In order to identify crocodiles they’ve captured, biologists use a knife to slice away scutes and carve a code into the tail.

He focuses on the scutes (the sawtooth ridges that run the length of the tail) and whorls (the gaps between them). In order to identify crocodiles they’ve captured, biologists use a knife to slice away scutes and carve a code into the tail. (The scutes are cartilage and mostly nerveless.)

Parry points at the ridges with a pen, counting out loud, making sure he is translating the code correctly, and that this is, in fact, the same crocodile he’d caught six years before.

He pulls out a yellow cloth tape measure.

“We need head length, snout-vent length dorsally, total length, tail girth, mass, sex…”

The croc is just under nine feet–a foot longer that 2003–and about 70 kilograms.

Parry gives a running tutorial on the croc’s physiology while he measures things.

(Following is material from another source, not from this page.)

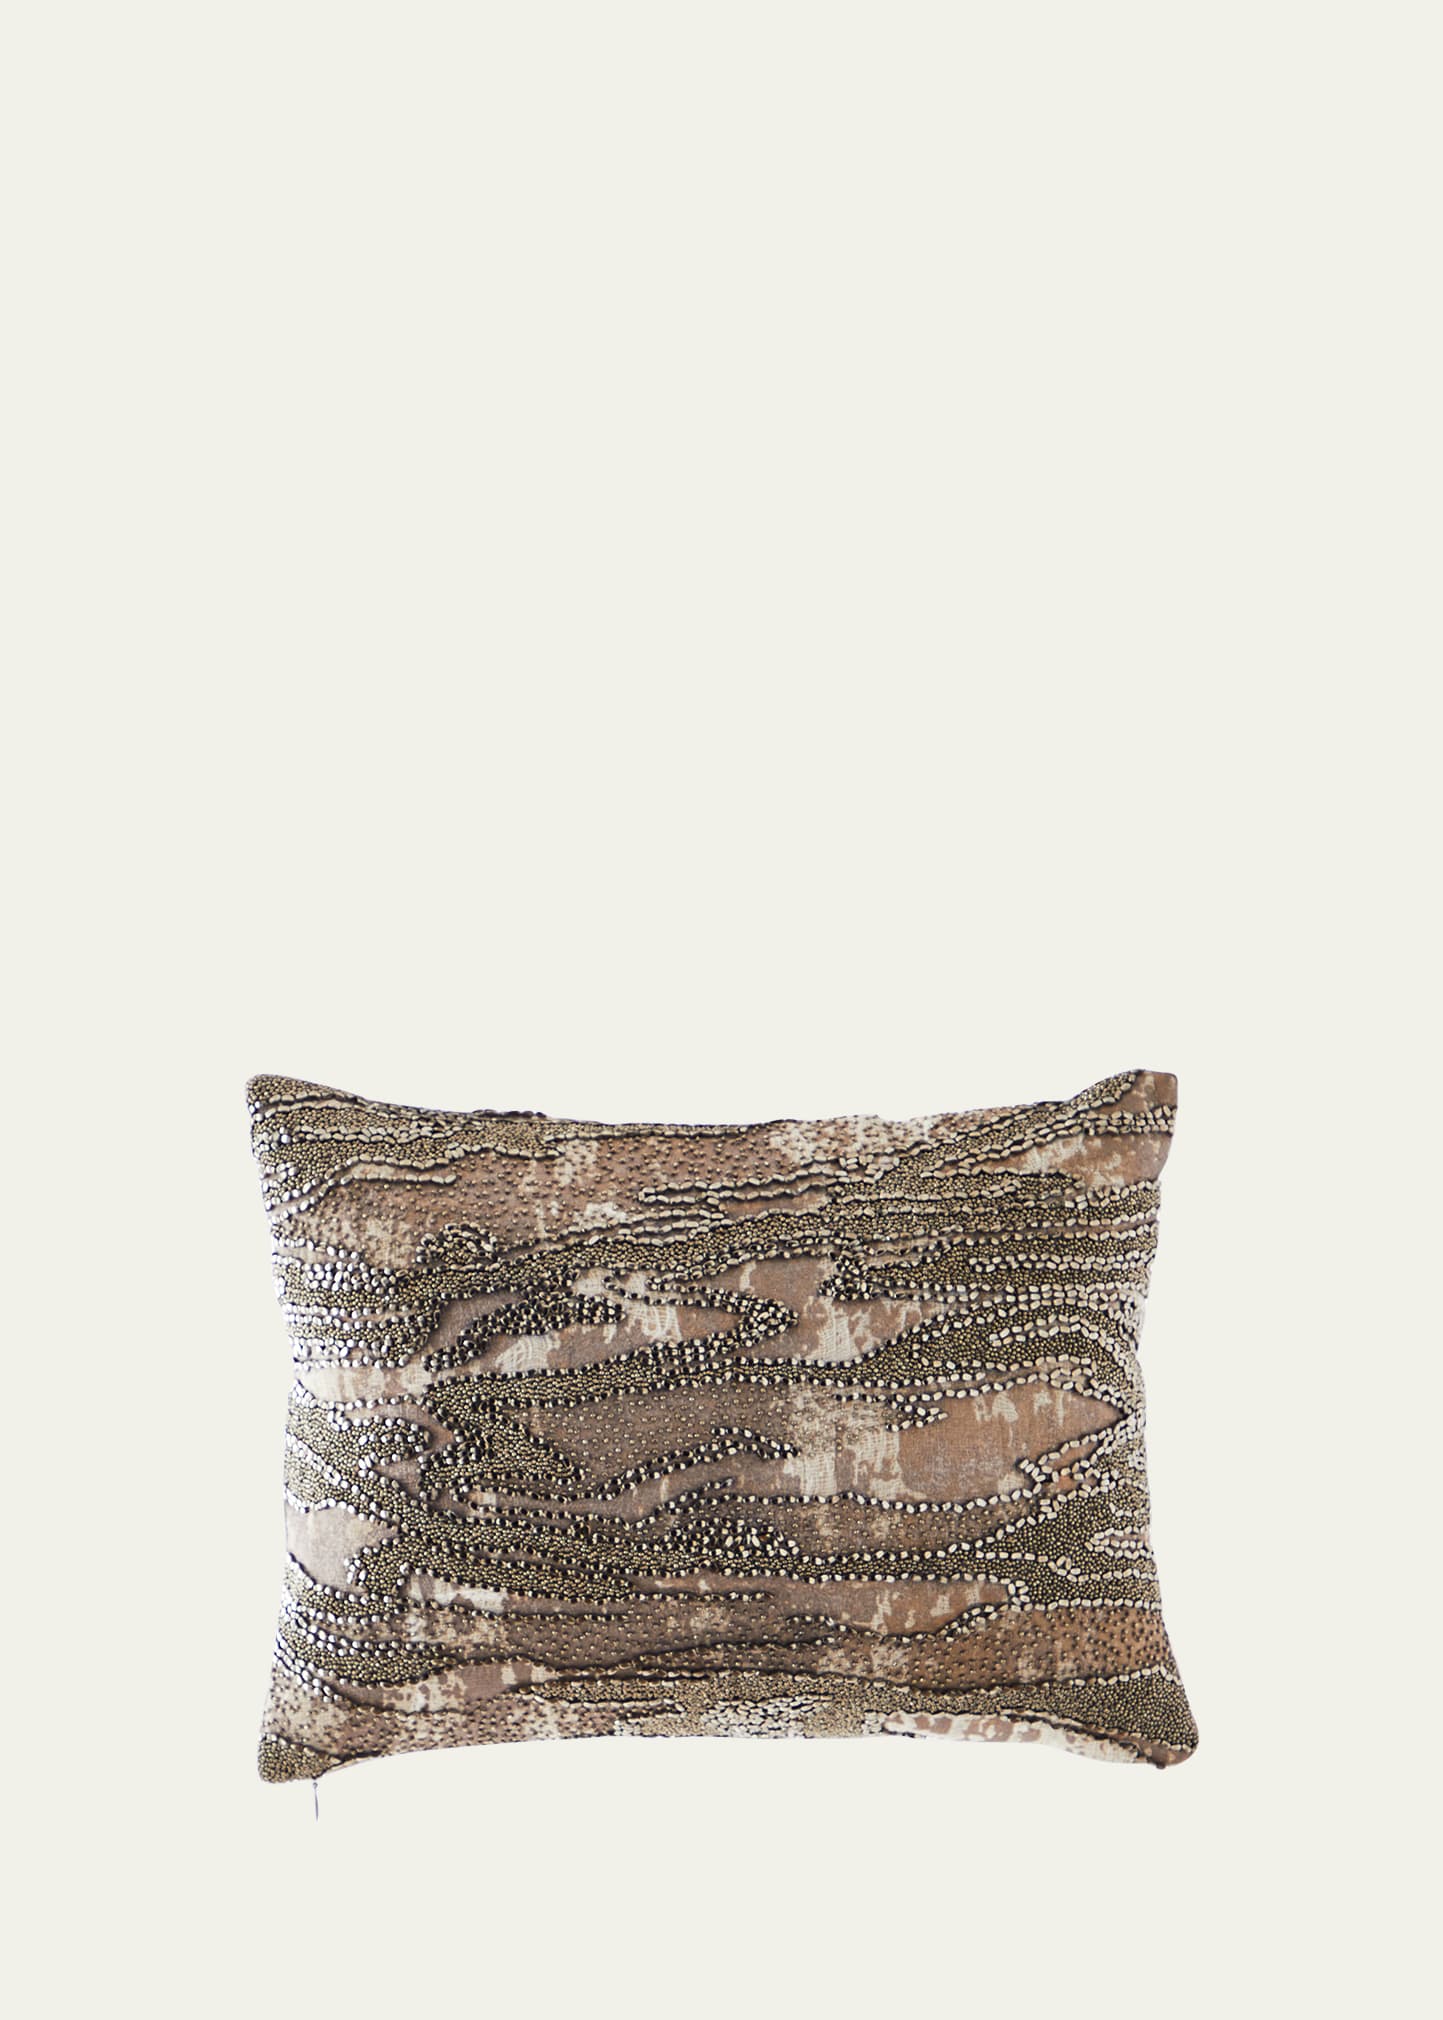 Moire Beaded 12" x 16" Decorative Pillow

“So, that’s the nictitating membrane. That’s their swim goggle. That protects their eyes and it comes backwards so it doesn’t trap air.

“This is the ear. They can close or open it at will, to hear better above the waterline. Their ear is under there.

“There’s a musk gland, that’s a pain in the ass to get to, so I’m not going to mess with it.

“See these little dots? They’re called DPRs—dermal pressure receptors. True crocodiles have at least one on every scale on their body. Alligators and caiman don’t.

Cleatus clocks in at just under nine feet–a foot longer than in 2003–and about 70 kilograms.

“They haven’t proven that they’re all still functional. They may be vestigial on the rest of the body. But on the jawline they work just like a lateral line on a fish, so they can determine differential pressure. If something is splashing over there, or whatever, the pressure waves are stronger on this side, than this side. They can figure out how big [the prey] is, where it is… they can locate it without seeing it. You’ll see them there sometimes in the water, and all the sudden they’ll go down to grab a fish. They didn’t see it, they felt it. They knew where it was.”

Mitchell goes to the boat and tag-teams Nimmo so she can come out and see the animal.

“Do you want to check the sex?” Parry asks her. “The vent is going to be right about here,” he says, pointing just behind the legs.

“Put your finger up and forward, and lift the tail a little… Find the vent, reach in there. Feel anything?” he asks.

“Yeah,” Nimmo says.

“That’s a male,” he says.

Nimmo sits on the croc while Parry recuts some of the scutes where the cartilage had partially grown back.

Mark Parry believes Cleatus’s father may have been from Jamaica – but no one is sure.

“Typically, as long as they feel weight, they don’t try to do anything. But when I cut those scutes he might react,” Parry says. “You can’t hurt him. You don’t weigh enough.”

“Do I weigh enough to do this?” Nimmo asks.

“Yeah,” Parry says. “Probably.”

“This is the one he might react to,” Parry says, beginning to cut the last scute. “I can feel him tensing up. Almost done. That’s it.”

Nimmo points out a thunderstorm approaching over the moonlit water.

Parry takes a rope and loops a bowline through the electrical tape under the croc’s snout.

The ethos of the National Park service is to let wildlife roam freely, even if the wildlife does freak some people out.

“I like the way that you’ve behaved,” Parry says to the animal.
“We’re going to get you back in the water.”

He and Furfey pick up the animal and gingerly walk him in, tail first. They set him down and step away.

From shore Parry yanks the rope and the tape rolls off the nose.

There is some quick splashing, then it stops. The water calms. The shadow of the croc merges with all the other shadows in the night.